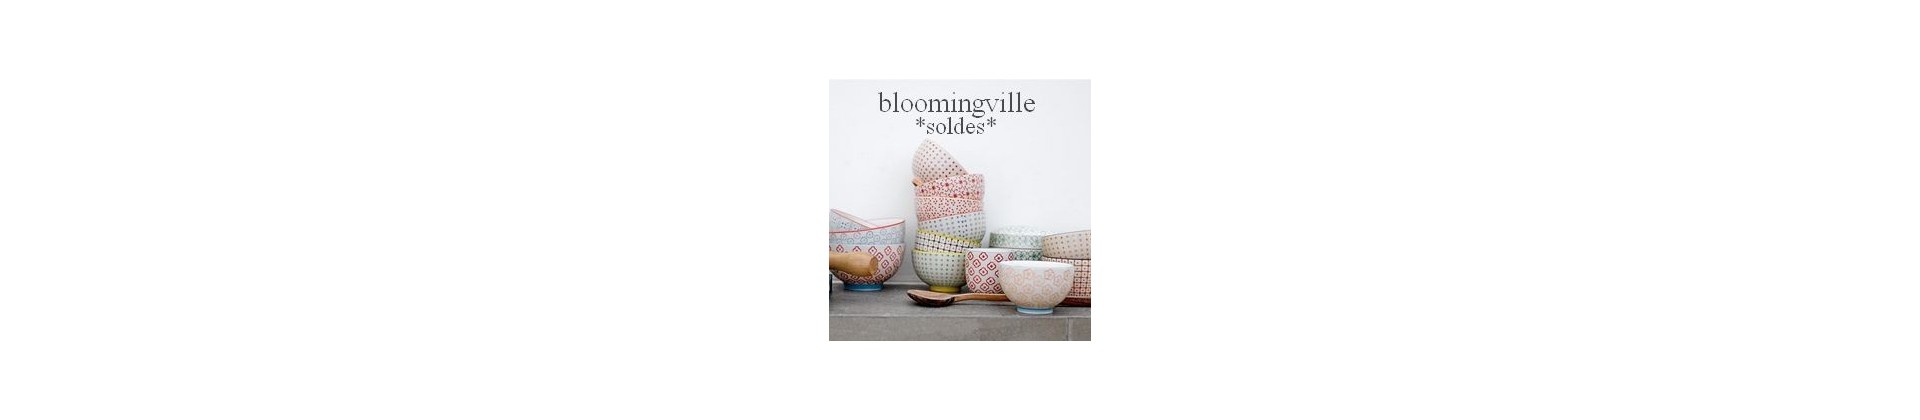 Bloomingville sale
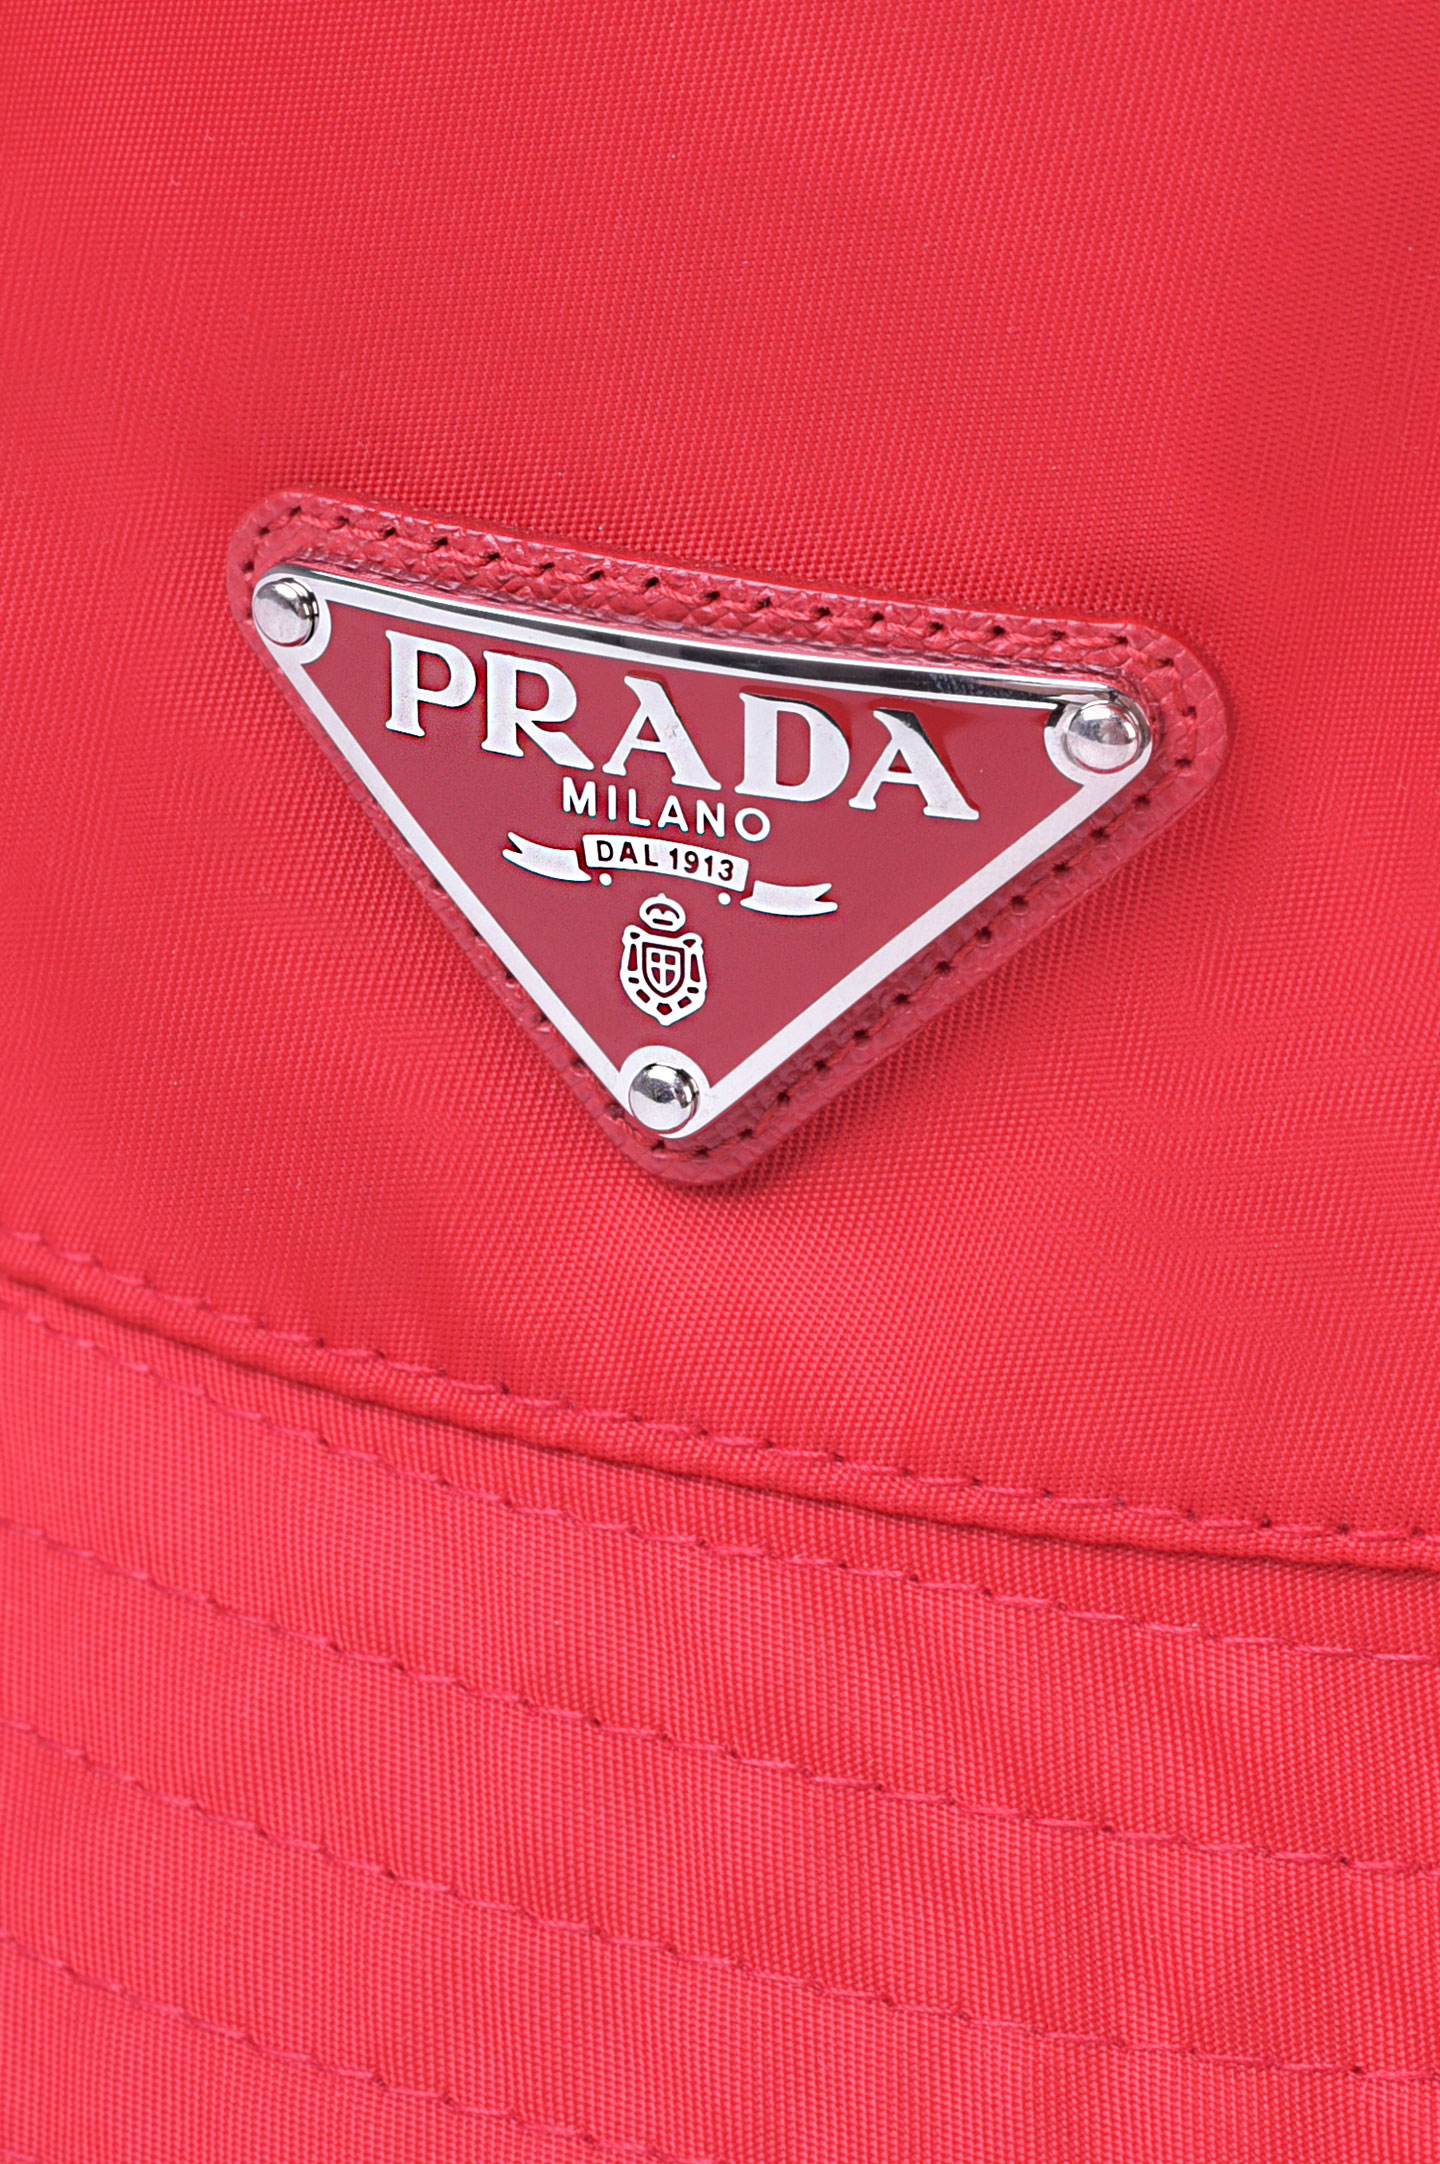 Панама PRADA 2HC137 2B15, цвет: Красный, Мужской
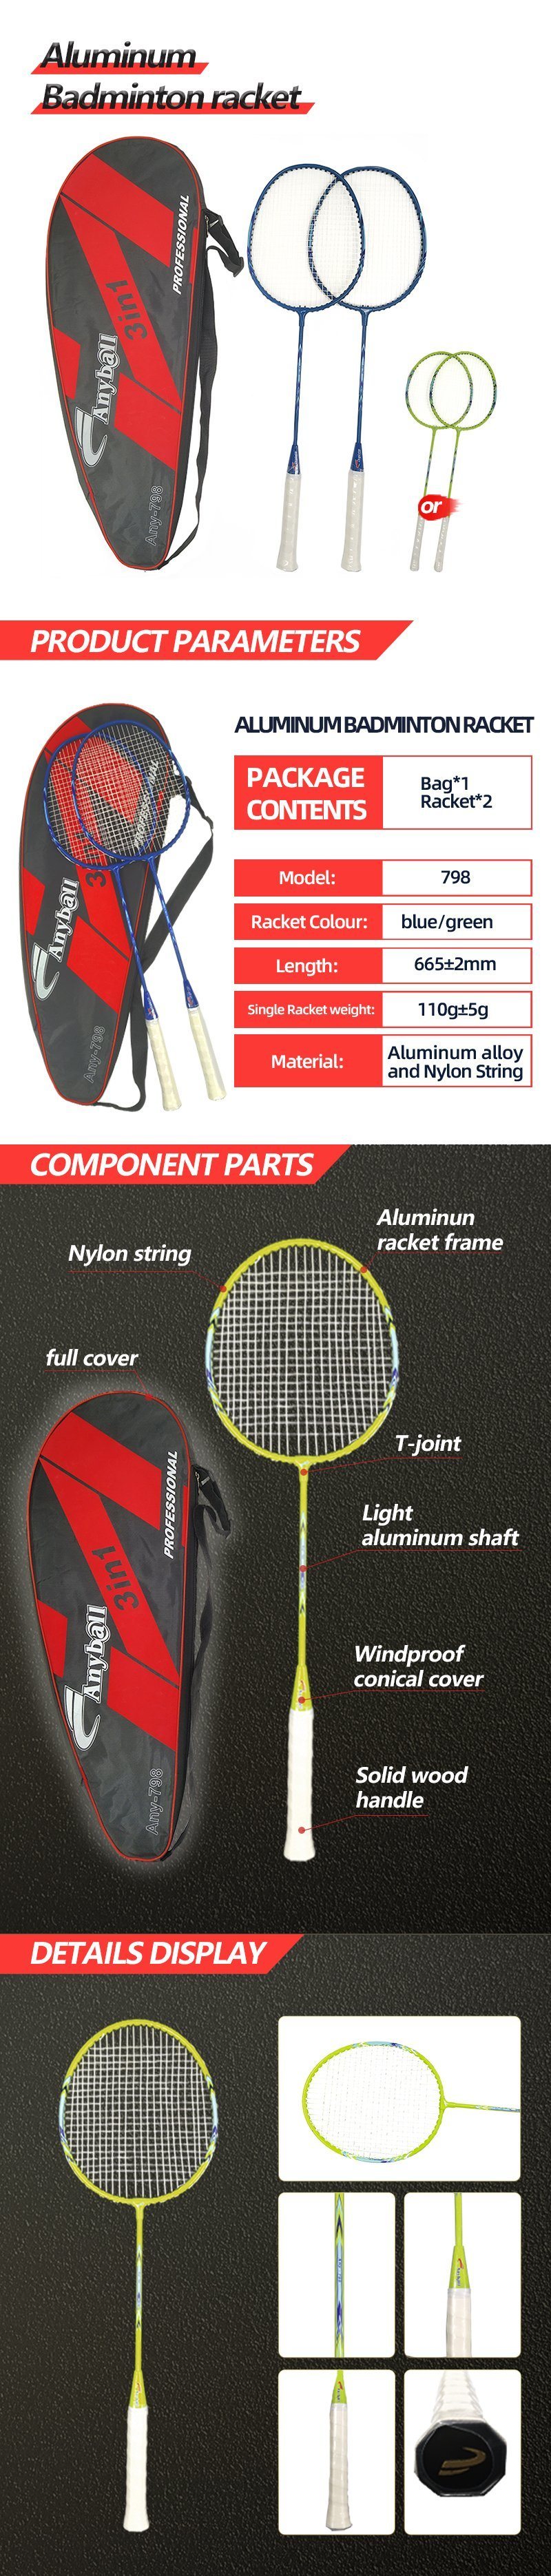 Light Aluminum Shuttlecock Racquet One Racket Grip Badminton Pair Racket

Try it: Could you return, word for word, every line from the line with "Панама PRADA 2HC137" through the last line of the listing above, both ends included, without any pictures?

Solved exercise:
 Панама PRADA 2HC137 2B15, цвет: Красный, Мужской
 Light Aluminum Shuttlecock Racquet One Racket Grip Badminton Pair Racket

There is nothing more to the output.